Realizing Direct Hot-Electron Transfer from Metal Nanoparticles to Per- and polyfluoroalkyl Substances

Per- and poly-fluoroalkyl substances (PFAS) are a group of forever synthetic chemicals. They are widely utilized in industries and household appliances because of their remarkable stability and distinctive oil- and water-repellent properties. Despite their broad applications, unfortunately, PFAS are hazardous to all forms of life, including humans. In recent years, the environmental persistence of PFAS has raised significant interest in degrading these substances. However, the strong C−F bonds in these chemicals pose several challenges to their degrada- tion.
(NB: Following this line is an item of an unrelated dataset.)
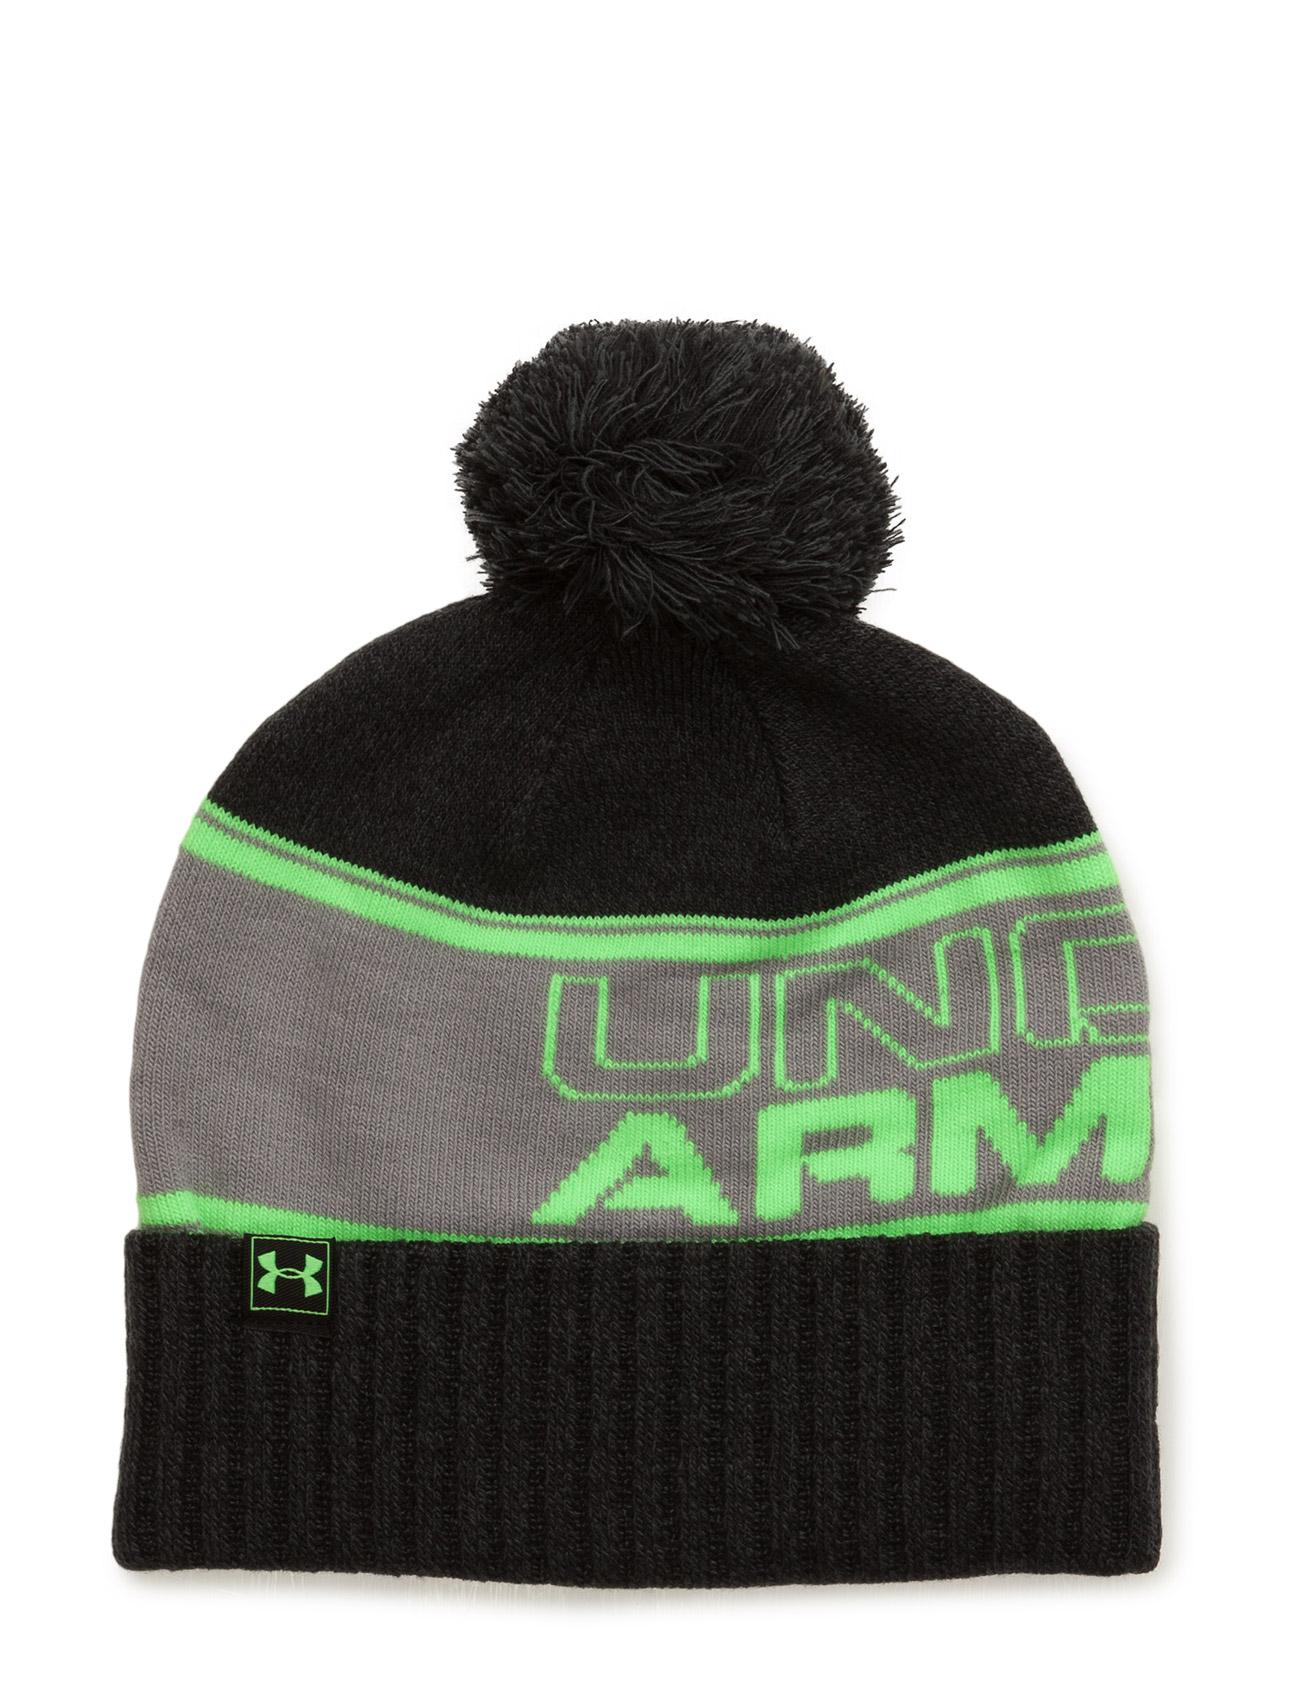 Men'S Ua Pom Beanie Under Armour Sports accessories til Mænd i Rød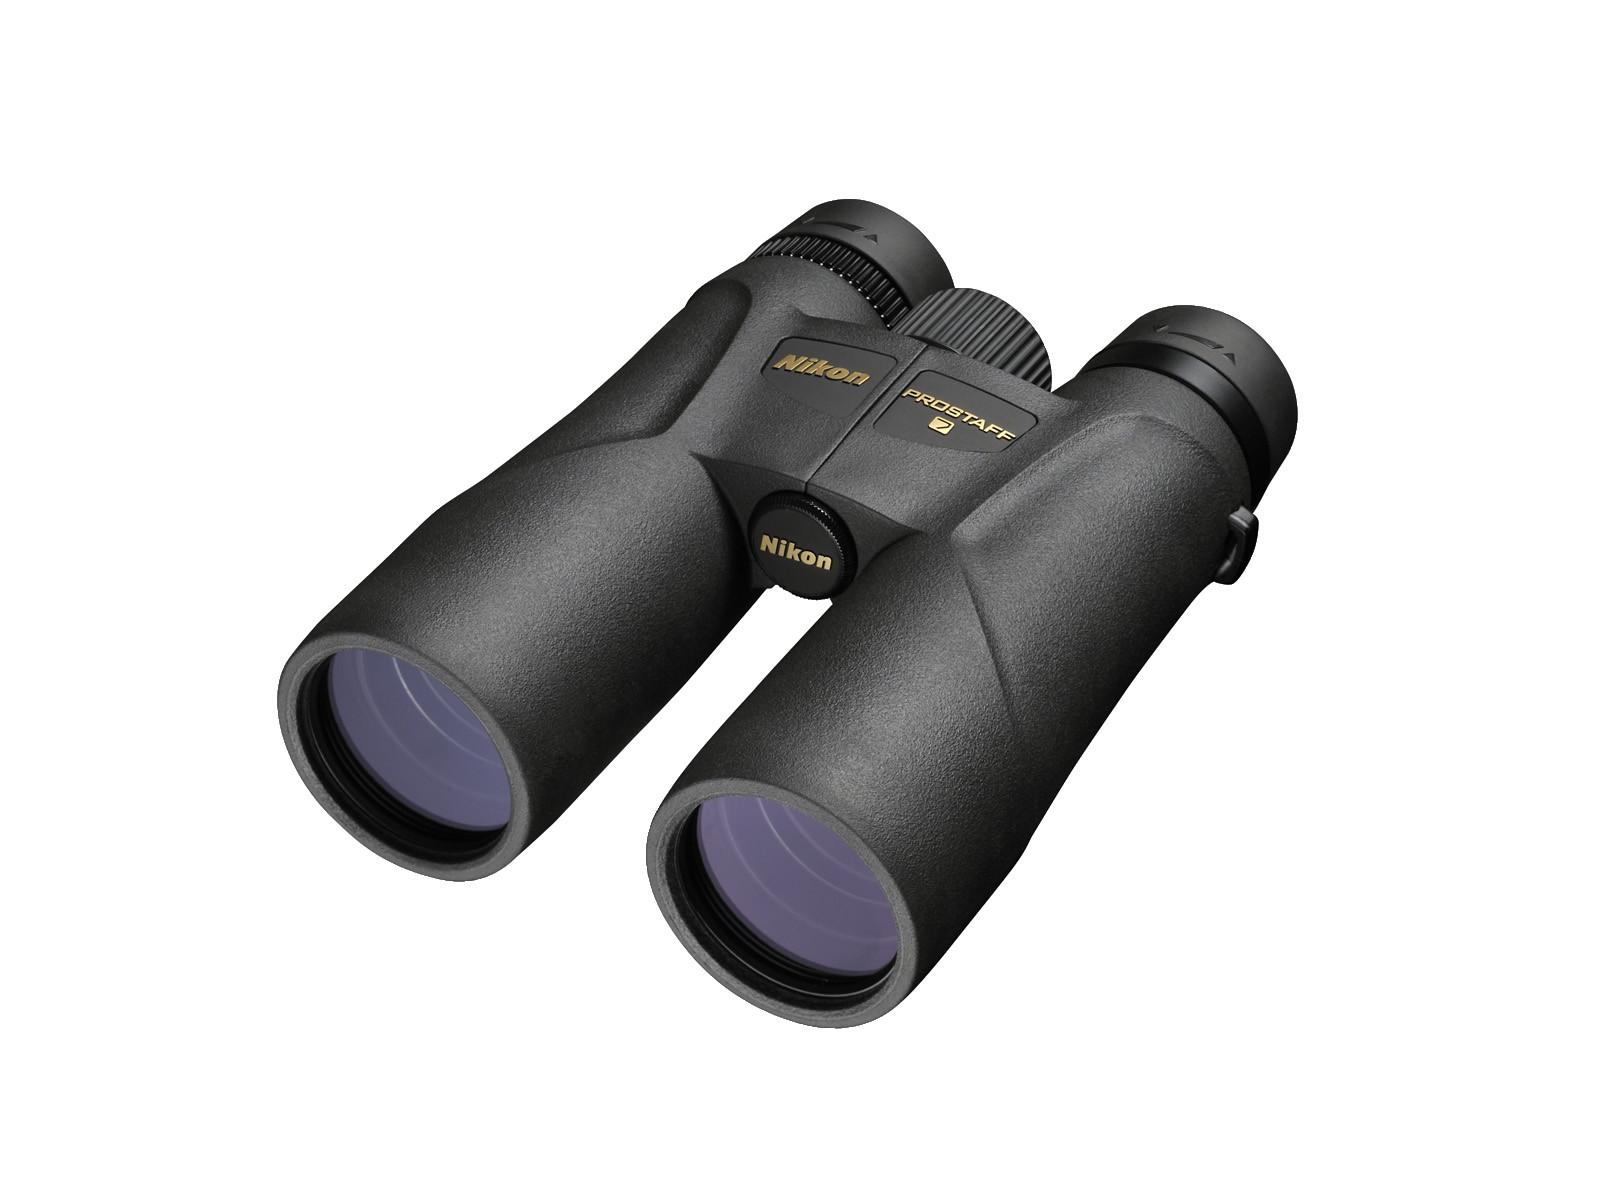 Prostaff 7s 8X42 雙筒望遠鏡

Plasmons of noble metal nanoparticles (NPs) offer many exciting applications, including photocatalytic reactions. However, an atomistic understanding of plasmon-driven processes remains elusive. In this work, using the real-time time-dependent density functional theory, we have studied the real-time formation of plasmons, hot-carrier generation, and subsequent direct hot-carrier transfer from metal NP to the PFAS. Our simulations show that there is an apparent direct hot-electron transfer from NP to PFAS. Moreover, using Ehrenfest dynamics simulations, we demonstrated that the transferred hot-electrons can efficiently degrade PFAS without requiring any external thermal bath. Thus, our work provides an atomistic picture of plasmon-induced direct hot-carrier transfer from NP to PFAS and the efficient degradation of PFAS. We strongly believe that this work generates the impetus to utilize plasmonic NPs to mitigate PFAS.